傘を持っていなかった私はずぶ濡れになった。
たまにはこういうのもいいかと思い、雨の中をゆっくり歩く。
白のワイシャツで下着が透けていたが、そんなのも気にしない。道行く人たちの訝しけな目線も気にはならない。
そもそも私は雨は嫌いじゃない。
普段は傘をさすけれど、ごく稀に濡れながら雨の中を歩きたい気分の時もあるのだ。
シャツが肌にまとわりつく。
だがそんな感覚も、こんな天気じゃないと味わえない。
小学生の頃とかは楽しいと思ったことをやれた。
少しずつ成長するにつれて、理性がきいてくる。
雨に打たれることを躊躇するようになる。
もっと、もっと自由でいいのに。
そう、自分に言い聞かせながら。
雨の冷たさ。濡れた肌。
ねず色の空。髪から落ちる雫。
湿り気を帯びた空気。吐き出されるため息。
私の耳に聞こえる雨音。
それらが全部、愛おしい。
私の日記帳
私にはお気に入りの手帳がある。
すごく好きな人ができて、その人のことを考えると、胸がドキドキしすぎて、声を上げたいくらいに。
でも本当にそんなことしたら恥ずかしいから、私はこの思いの丈を手帳に記すことにしました。
大好きな人への日記帳。
彼の大好きな食べ物、苦手な食べ物。
よく読む本や、よくやる癖。
気付いたことはこの日記帳に綴った。
日記帳には好きなように自由に書けるのに、言葉にするのはとてもじゃないけれど、しんどい。

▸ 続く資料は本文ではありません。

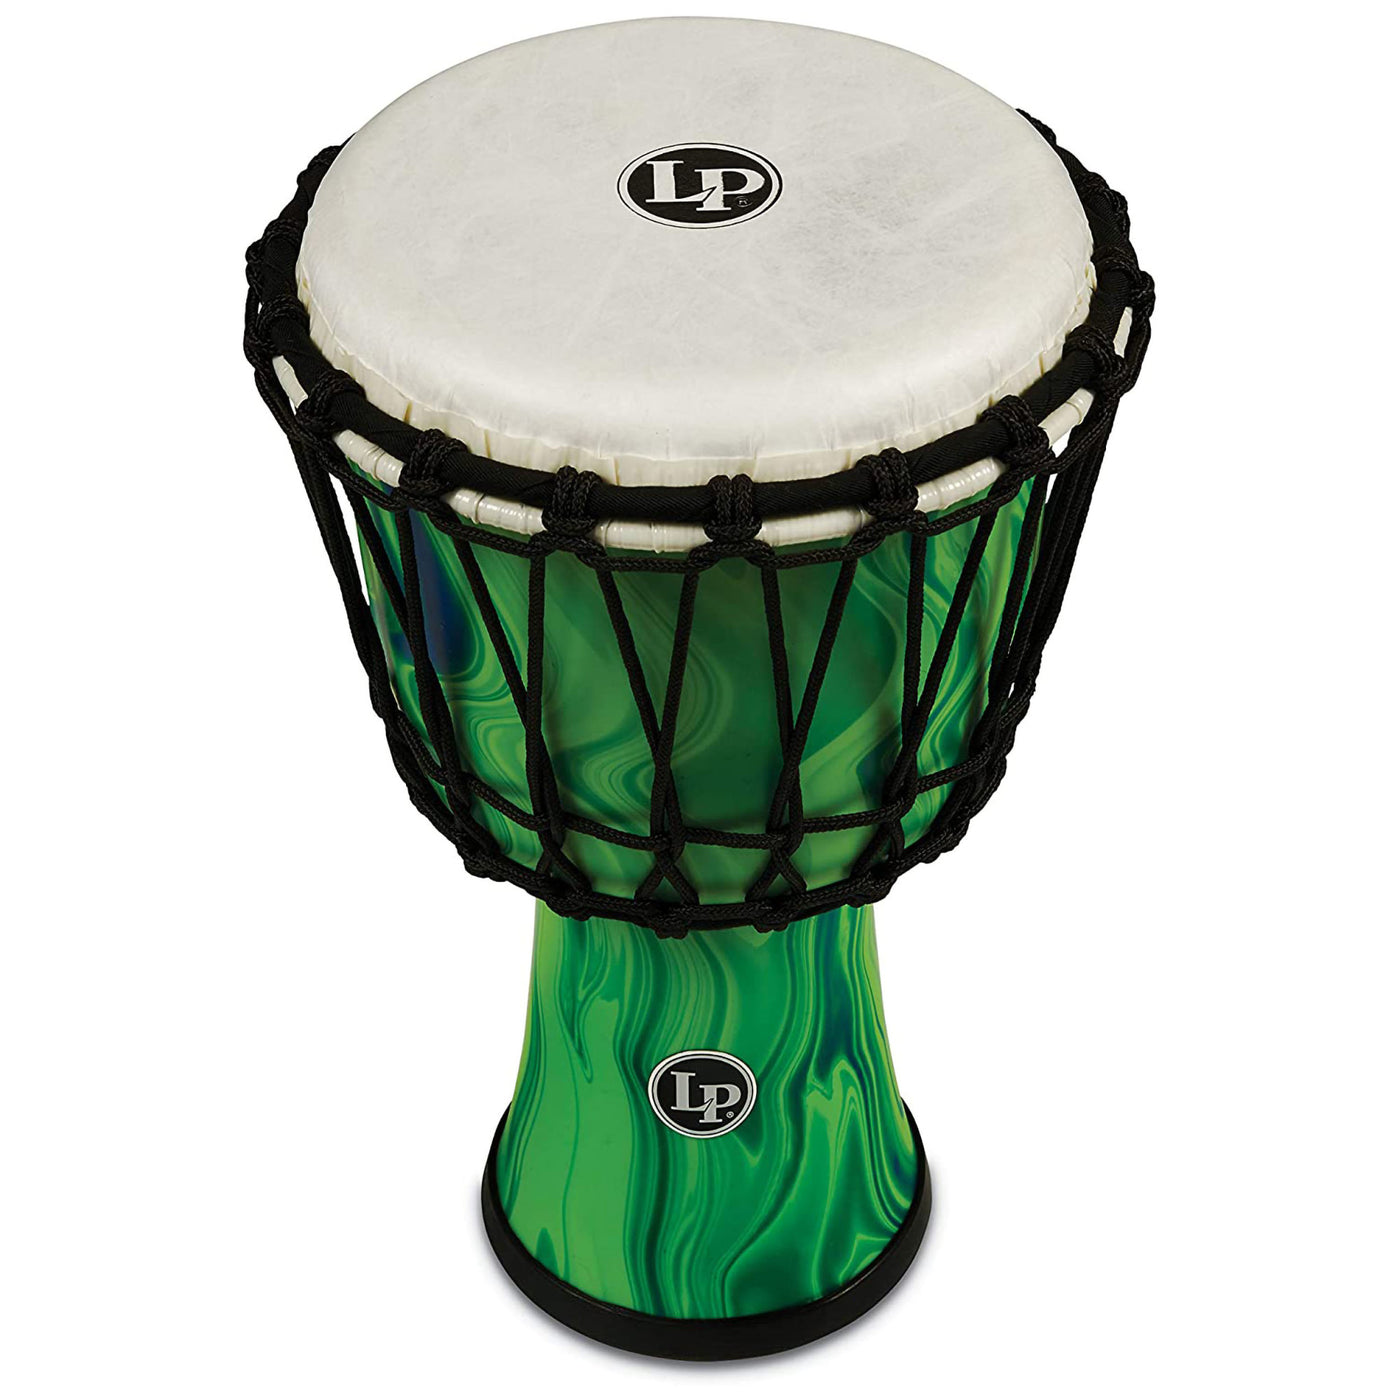 LP World Collection Rope Circle Djembe, 7", Green Marble

『好き』っていうたった2文字が、日記には書けるのに、言葉には口に出来ない。
勇気がない自分が少しだけ嫌いになってしまう。
告白する人って、みんなどうやって告白してるのかしら?
私は今日も日記帳に記す。
まるで誰にも読まれないラブレターみたいだ。
いつかこの日記帳に綴った言葉が、私の口から語られる日が来るんだろうか?
でもそうしないと相手には伝わらないよね。
私の大事な日記帳。
今日も想いのままに綴られていく。
向かい合わせ
何年振りかに再会した、かつてのクラスメート。
そして私の中学時代の片想いの相手。
同じクラス、同じ班、そして隣同士の席。
彼はクラスのムードメーカーで、面白くて、優しくてかっこよかった。
高校も同じだったけど、クラスは違ってしまった。
それだけで、あんなにたくさん話していた関係が、あっさりと終わりを告げた。
ただ隣のクラスになっただけで、こんなにも隔たりが出来てしまうとは。
いや、私が勇気がなかっただけだ。
遠くから見つめることしかできなかったのだから。
そんな片想いをしていた相手と再会した。
中学校の同級生同士が結婚したからだ。
再会しても彼は当時と変わらずで、ほっとした。
むしろ、大人になった彼に変わらずドキっとしてしまった。
と言っても、もう私の中では消化した恋だ。
懐かしいなと思うくらいで、それ以上の胸の高鳴りはない。
二次会は向かい合わせの席になった。
何だか中学校の給食の時を思い出した。
向かい合わせで食べていた時のことを。
昔も、そして今も彼のムードメーカー役は相変わらずで、私は笑った。
中学同士の友人たちが集まれば、昔話に花が咲く。
私は『今だから言うけどね』と言って、昔好きだったことを告白した。
当時は『好き』なんて言葉に出すのが恥ずかしかったけれど、今はこんなにも素直に言える。
それが自分の中で、清々しかった。
彼は一瞬驚いた顔をしたけれど、にこりと笑って『実は、オレも』と言った。
「なんだ、告白すればよかった」とお互いに笑いあった。両思いだったんだと知れただけでも、何だか嬉しかった。
向かい合わせで座る彼から、熱を帯びた視線が刺さる。
「今、付き合っている人いるの?」
「いないよ」
一瞬の沈黙。
「じゃあさ、どう?今からでも」
周りの友人がどんなに騒いでいても、彼の声はハッキリと聴こえた。
中学校の時に向かい合わせで見ていた彼の顔。
こんな真剣な顔は初めて見た。
男の人の顔になっていた。
そして私も女の顔になっているのだろう。
やるせない気持ち
幼馴染みに自分の気持ちを伝えた。
君はすぐに首をかいた。
それは君が困ったことを表す癖だ。
『考えさせて欲しい』と言われた。
すぐに振られないだけ良かったのかもしれないけれど、
翌日から君がよそよそしくなった。
ああ、本当に困らせた。
そう、実感した。
好きな男でもいるのだろうか?
それとも幼馴染み以上には考えられないんだろうか?
気持ちを伝えてすっきりした反面、伝えなければ良かったと思う自分がいる。
何ともやるせない気持ちだ。
『考えさせて欲しい』とはいつまでのことを言うのだろうか。期限が決まっているわけじゃないから、もやっとする。
だけど焦ったところで状況が変わるわけでもない。
今は、君の返事を気長に待つしかない。
待っている間に何かできないだろうか。
悪あがきでも何でもいい。
君がオレのことを好きになってくれるのなら。
海へ
ステージから見える景色はまるで海のようだ。
青いペンライトがたくさん光る。
私はそれが見たくて、みんなの喜んでいる笑顔に会いたくて、ステージに立つ。
小さい頃、私は空の絵と海の絵を描いていたみたい。
それほど青色に魅了されていたのだろう。
地元の海にも遊びによく行った。
空の青と海の青が好きだったから。
今はなかなか海へ外出できるほど、休みが取れないけれど、代わりに青いペンライトに囲まれている。
これからもアーティストであり続ける限り、私はこのファンタスティックな空間を大切にしていきたい。